Block Club obtained the Park District’s contract with Amazon through a public records request after several lockers were installed on sidewalks, partially blocking them, in parks earlier this month.
The contract shows Amazon pays the Park District $50 a month for each of the smallest of the steel lockers, which are 6 feet wide. The contract calls for $125-a-month payments for the largest lockers, which are 15 feet wide.

A total of 49 lockers have been installed in city parks. The majority of those lockers are the 6- or 9-foot versions, according to figures provided by the Park District.
Another 53 lockers are scheduled to be installed in parks around the city this year. If all of those lockers are 6 feet wide, the Park District would make $69,900 for a full 12 months of rent. It would also get a one-time $20,000 payment for allowing at least 100 lockers.

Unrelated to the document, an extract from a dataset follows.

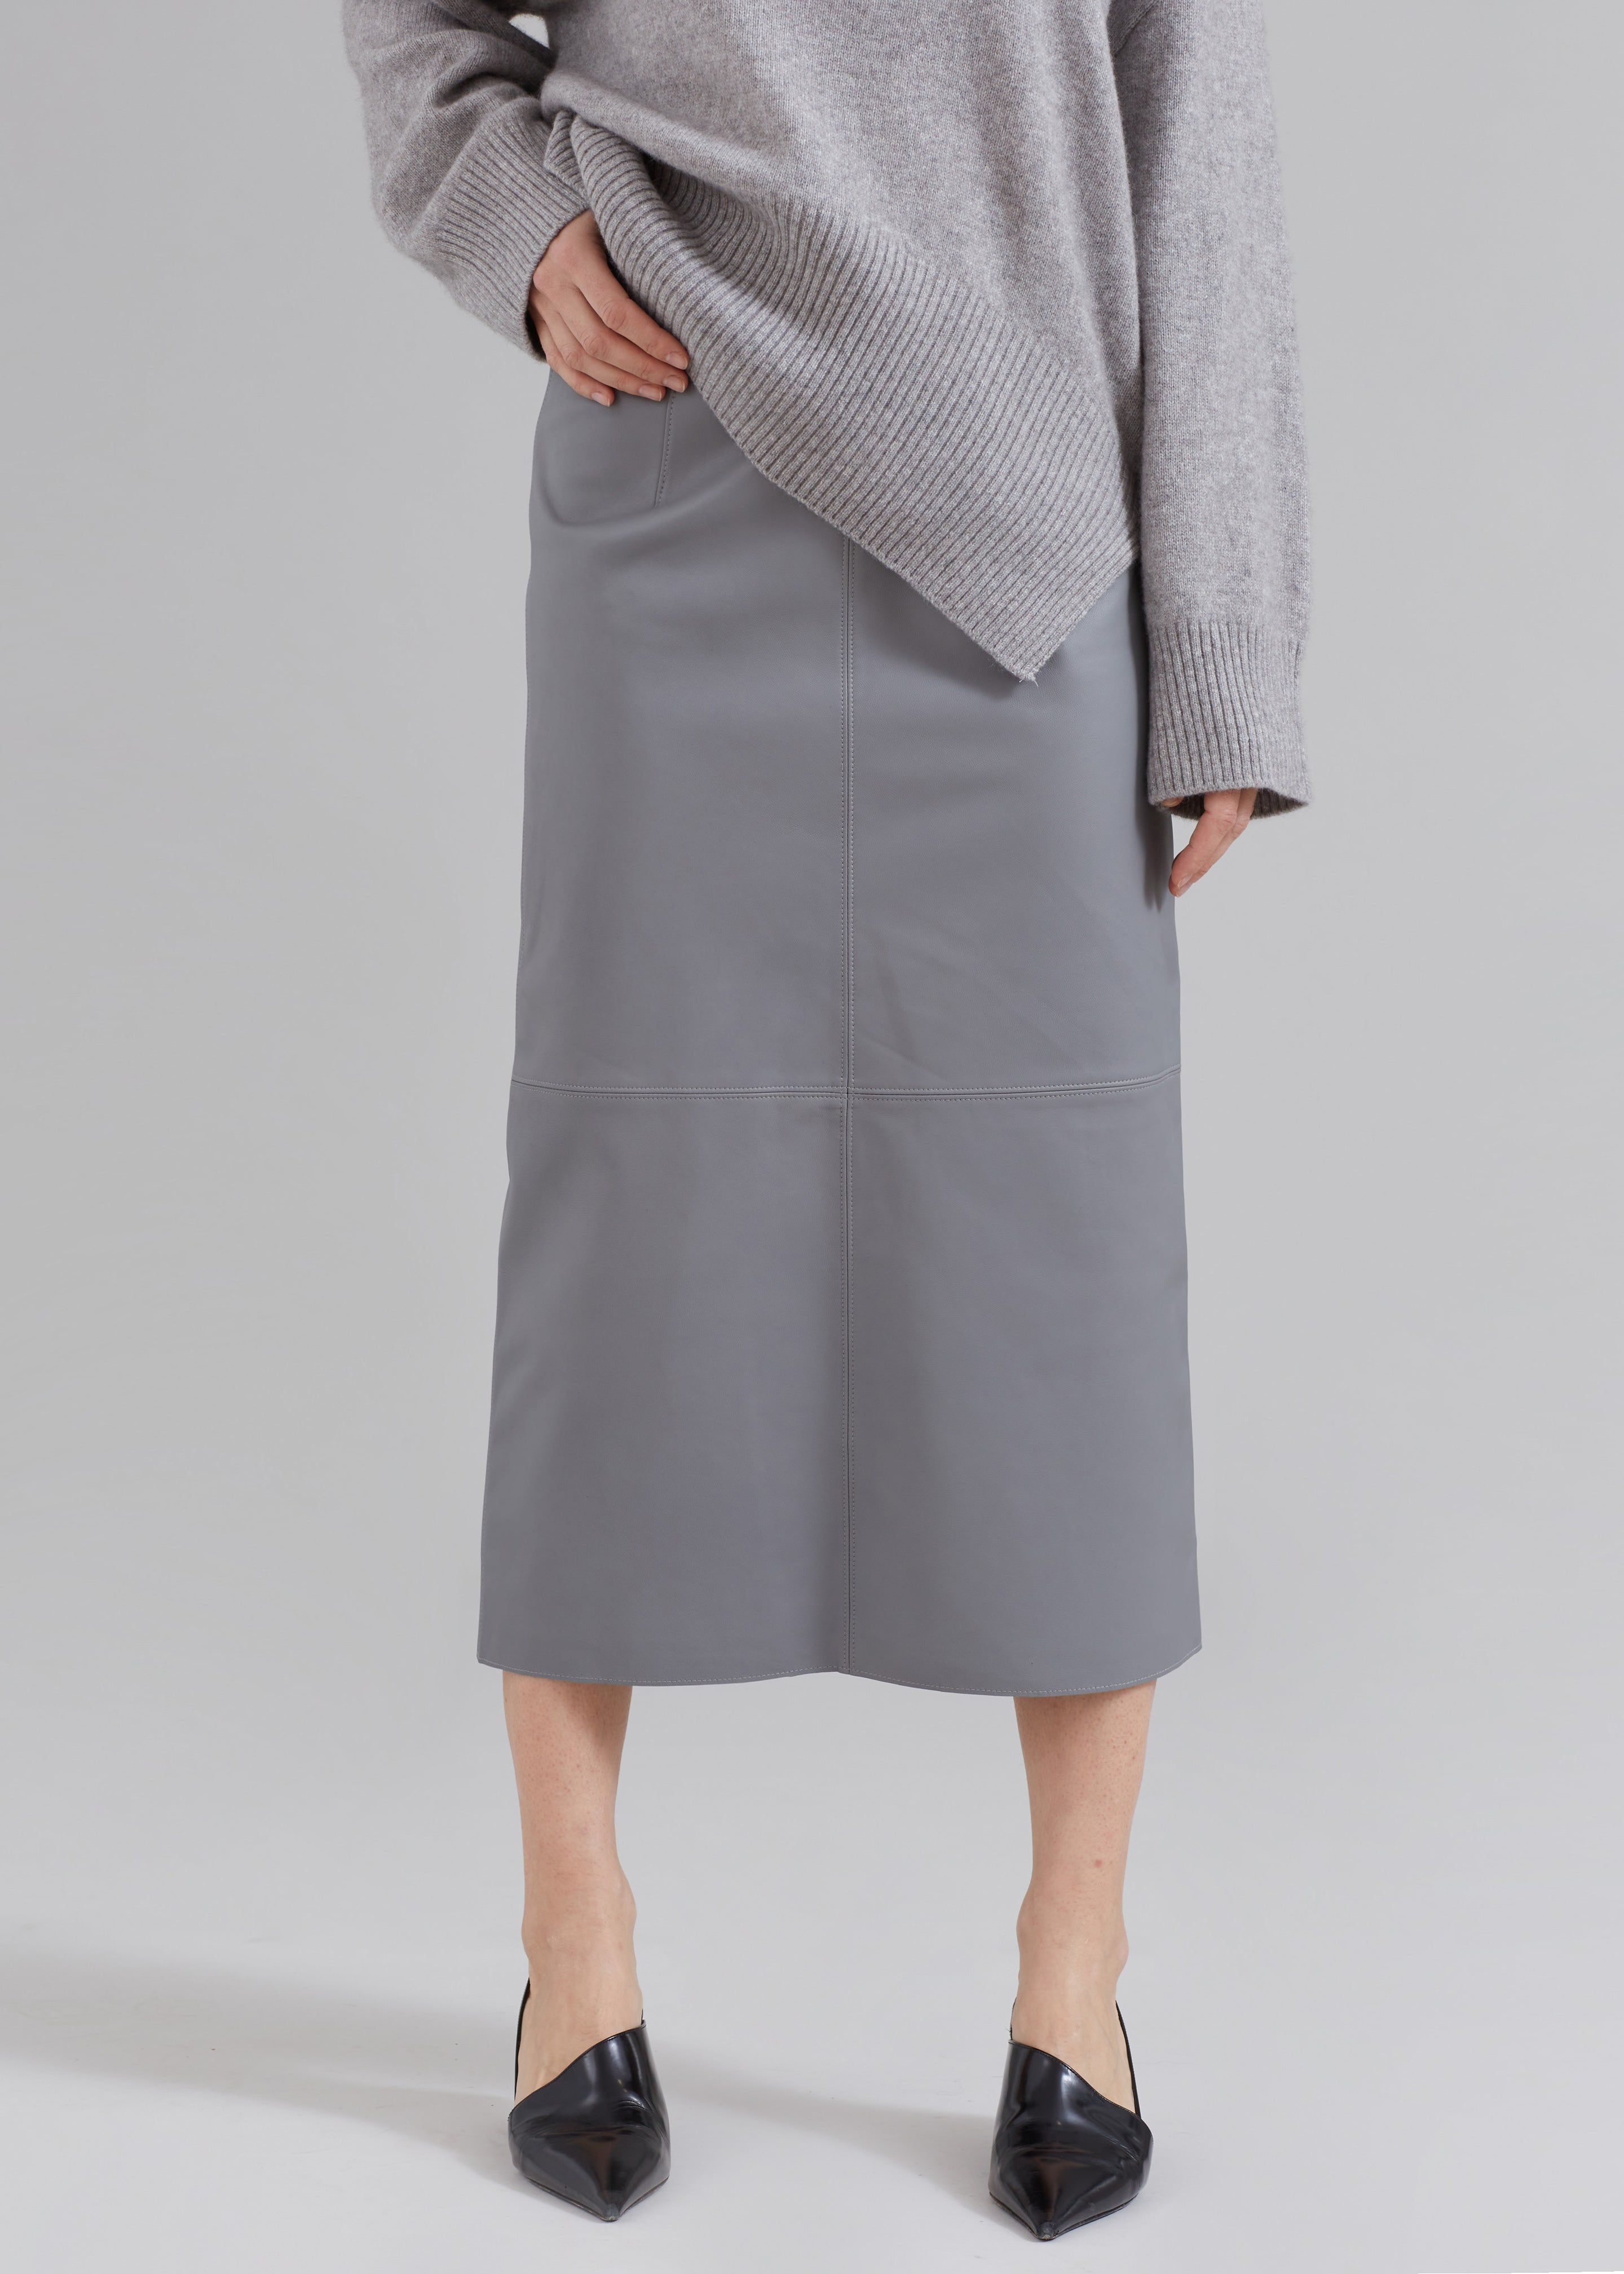 Heather Leather Pencil Skirt - Grey - 6

That means the park district could get as little as $89,900 in the first full year.
If each of the next 53 lockers installed are the largest possible — 15 feet — that would net the Park District $117,600 in the first year, plus the $20,000 bonus.
That means the most the Park District could get in the first full year of rent on all 102 lockers is $137,600.
For comparison, the Park District’s budget this year is $481.8 million.
Critics who earlier this month slammed Amazon — and the Park District — for putting for-profit lockers on public parkland were again fired up after learning how much revenue the lockers will generate for the Park District.
“It is not enough to justify having branding in our parks. It is absolutely not enough,” Ald. Rossana Rodriguez-Sanchez (33rd) said. “I think this is a slap in the face.”
The lockers grabbed attention a little more than a week ago. Rodriguez-Sanchez and Ald. Samantha Nugent (39th) spoke out against lockers in their respective wards — one in Brands Park and another in the Forest Park Playlot — for partially blocking the sidewalk and preventing people from easily passing through the public spaces.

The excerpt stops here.